Hadid, who was born in Baghdad and is now a British citizen, claimed that Filler falsely implied she was indifferent to the alleged difficult working conditions of migrant workers on high-profile construction projects in the Middle East, including her own.
She also claimed Filler used large portions of his June 5 review of Rowan Moore's "Why We Build: Power and Desire in Architecture" to question her success and fault her personality, although she was not a prominent character in the book.
The complaint was filed with the New York State Supreme Court in Manhattan.
Robert Silvers, editor of The New York Review of Books, declined to comment, saying he was unaware of the complaint. Filler could not immediately be reached.
Hadid in 2004 became the first woman to win the Pritzker architecture prize, one of the top awards in that field.
Her projects include the London Aquatics Centre, built for the 2012 Summer Olympics, while current designs include a residential building along the High Line, on the west side of Manhattan.

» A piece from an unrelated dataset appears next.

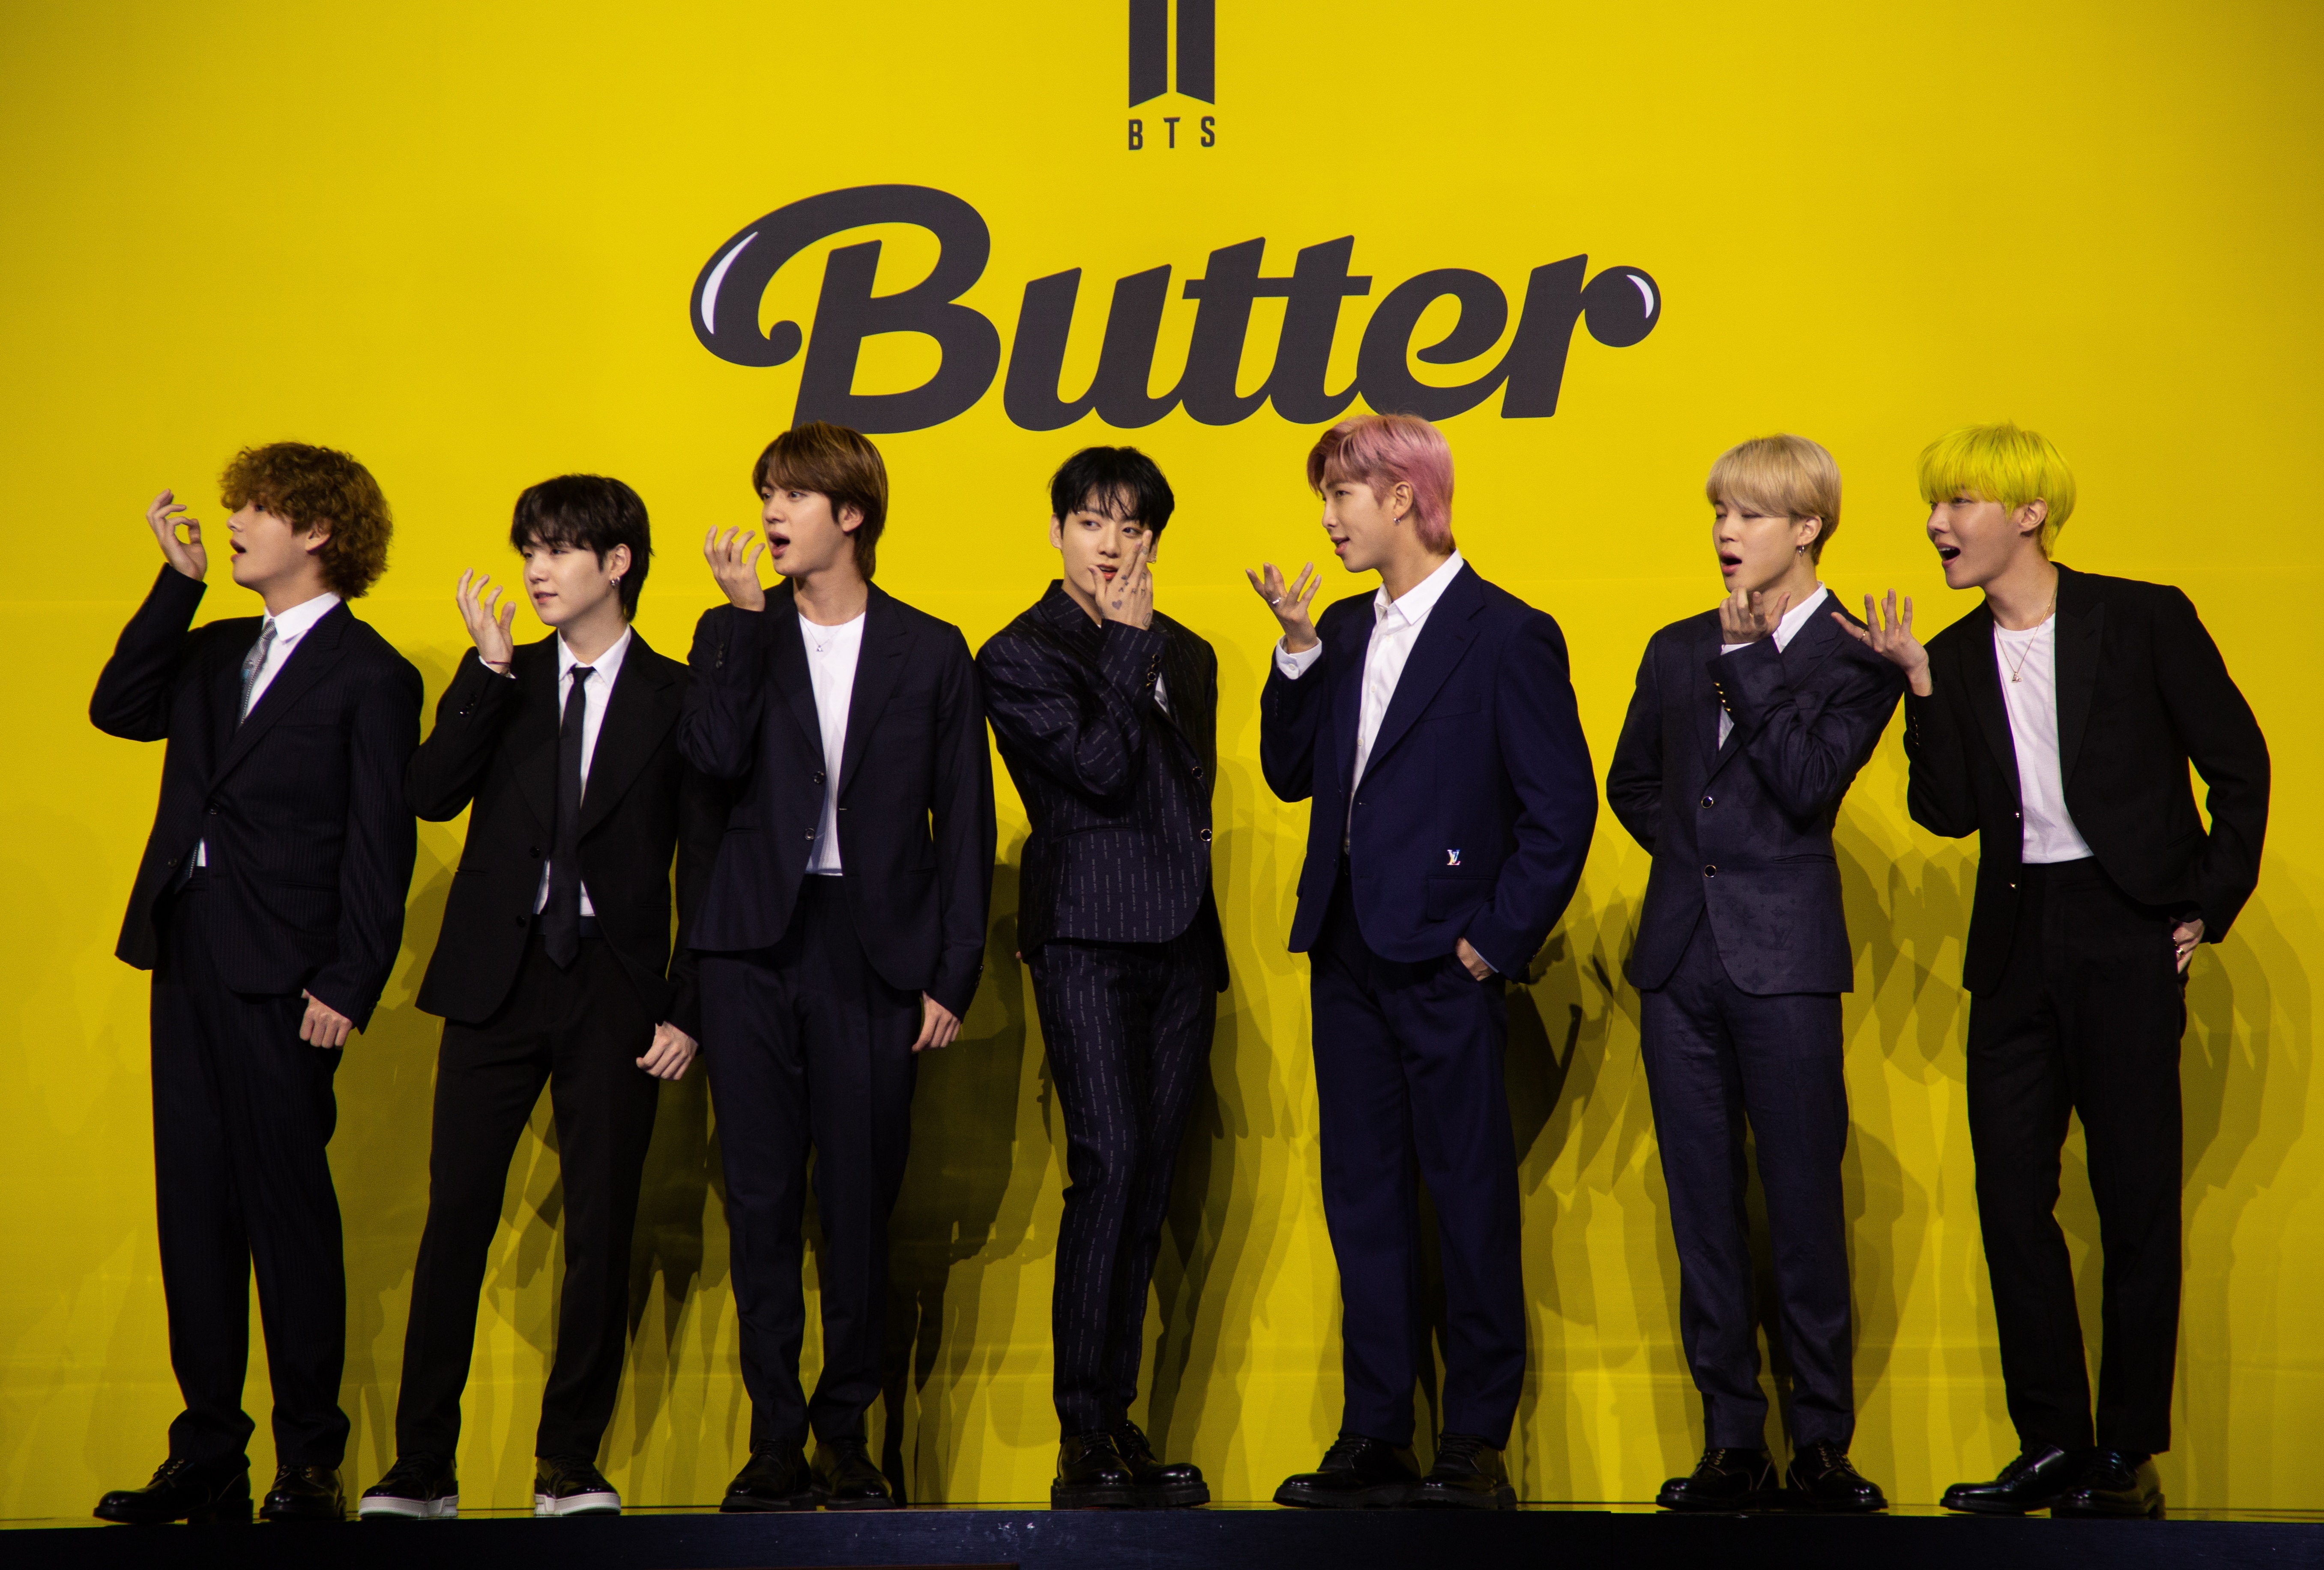 Seoul (Korea, Republic Of).- (FILE) - (L-R) V, Suga, Jin, Jung Kook, RM, Jimin and J-hope, members of South Korean boy band Bangtan Boys (BTS), pose as they arrive for the launch of their new digital single album 'Butter' at Olympic Hall on Olympic Park in Seoul, South Korea, 21 May 2021 (reissued 25 December 2021). Three members of the K-pop group BTS, Suga, RM and Jin, have tested positive for COVID-19 after returning home to South Korea following concerts in the US, the boy band's management agency said in a statement on 25 December 2021. (Corea del Sur, Seúl) EFE/EPA/JEON HEON-KYUN *** Local Caption *** 56911637

In her complaint, Hadid pointed to a passage where Filler said she "unashamedly disavowed any responsibility, let alone concern" for an "estimated one thousand laborers who have perished" while building the Al Wakrah stadium she designed for the 2022 World Cup in Qatar.
Hadid claimed that passage was based on a February 2014 statement taken out of context, before work on the stadium had begun, and that there were no worker deaths at the site.
Oren Warshavsky, a partner at Baker & Hostetler representing Hadid, said in a statement that Filler's review was "a personal attack disguised as a book review and has exposed Ms. Hadid to public ridicule and contempt, depriving her of confidence and injuring her good name and reputation."
Hadid is seeking damages, a halt to the review's continued publication, and a retraction.
The case is Hadid v. NYRev Inc et al, New York State Supreme Court, New York County.